Building on Hitman 2’s themes

Hitman 2 is an excellent game that built on the foundation of its 2016 predecessor. But one of the key ways that it stuck out was through its story and characterization. Hitman 2 is about ultra-wealthy robber barons. That culminates in the final level of the base game where the 1% of the 1% try coldly calculate whether they should do something about the global climate change that they are fully aware they are causing.

IO Interactive seems like it’s continuing some of those themes in New York.

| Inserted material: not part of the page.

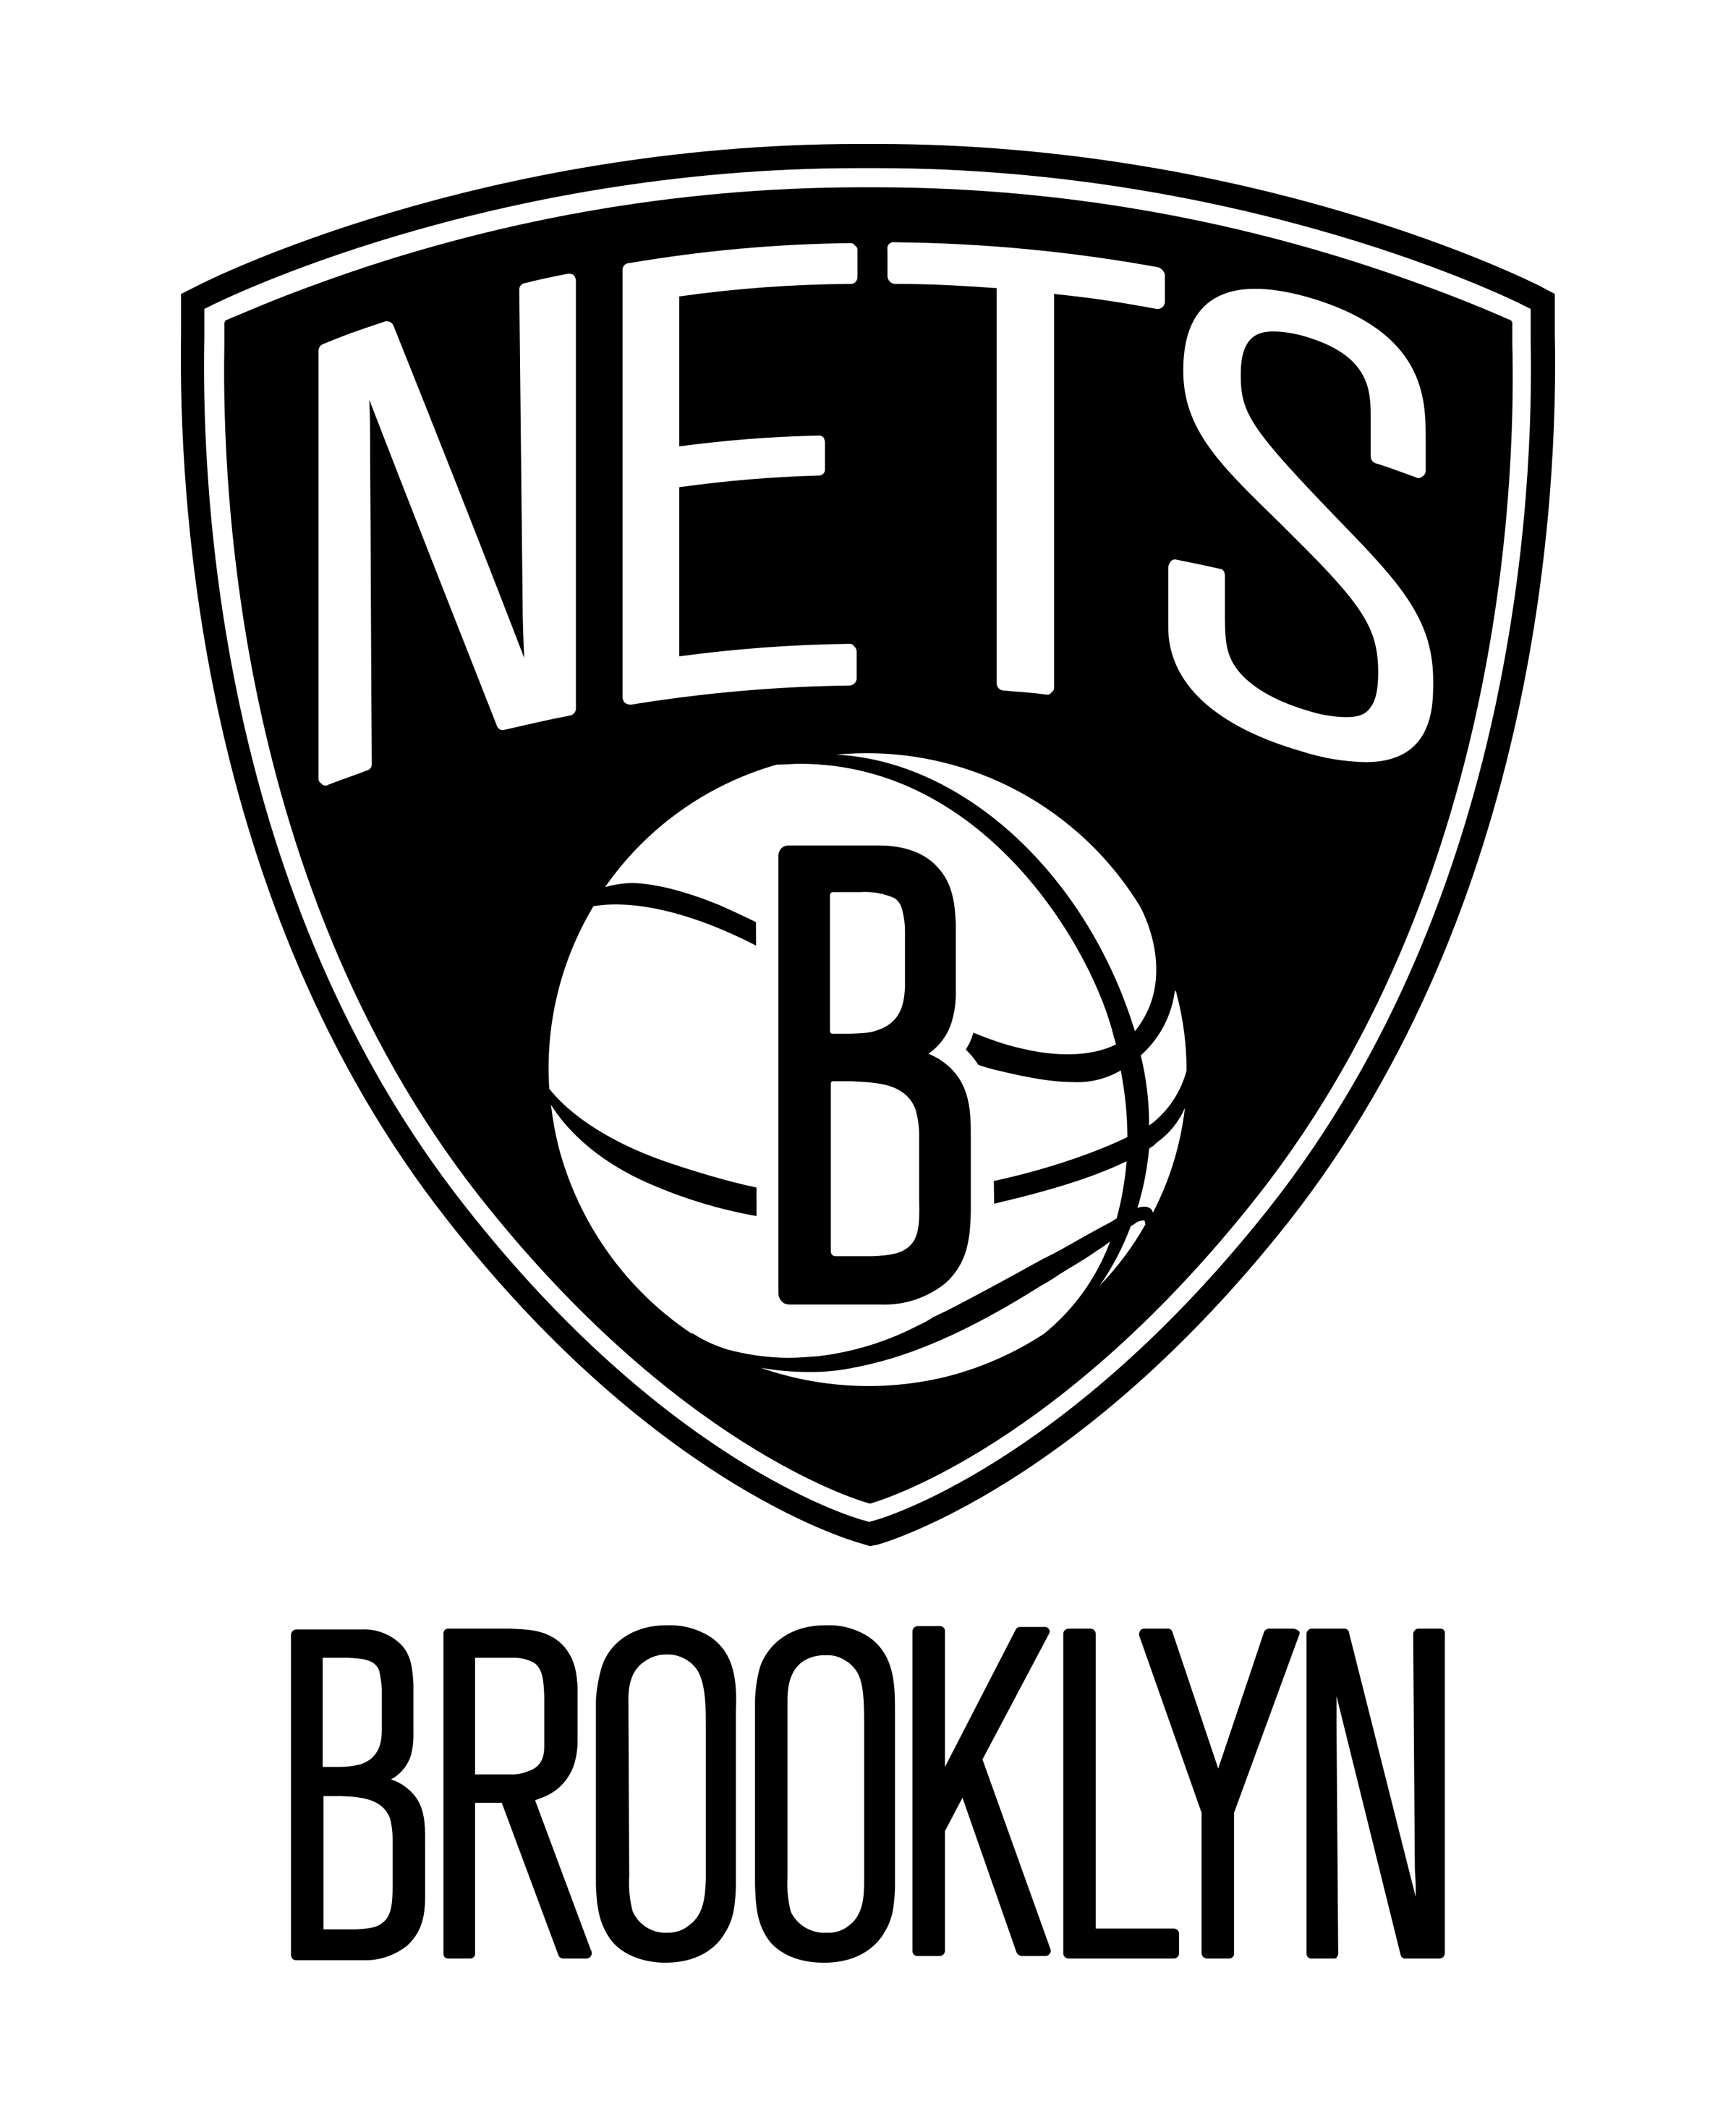 Brooklyn Nets logo transparent - Brooklyn Nets PNG

“Over the years, Savalas has also developed a refined disdain for the middle class, reducing customers to numbers on sheets of paper with no thought to the things she destroys with her constant “less is more” approach to small and medium-sized businesses,” reads IO Interactive’s website. “Rumors of wanton gambling with client money and the bank’s finances are beginning to catch up to her and with the board of directors looking for a new CEO of Milton-Fitzpatrick, Savalas is eagerly covering her tracks, using any means necessary.”

We’re barely 10 years out from the Great Recession, and a callous banker who gets ahead at the expense of regular folk is still fertile ground for a villain. Sure, Savalas can evade justice for knowingly selling toxic mortgaged-backed securities. She can even blame poor people for her crimes. But there’s no escaping Agent 47.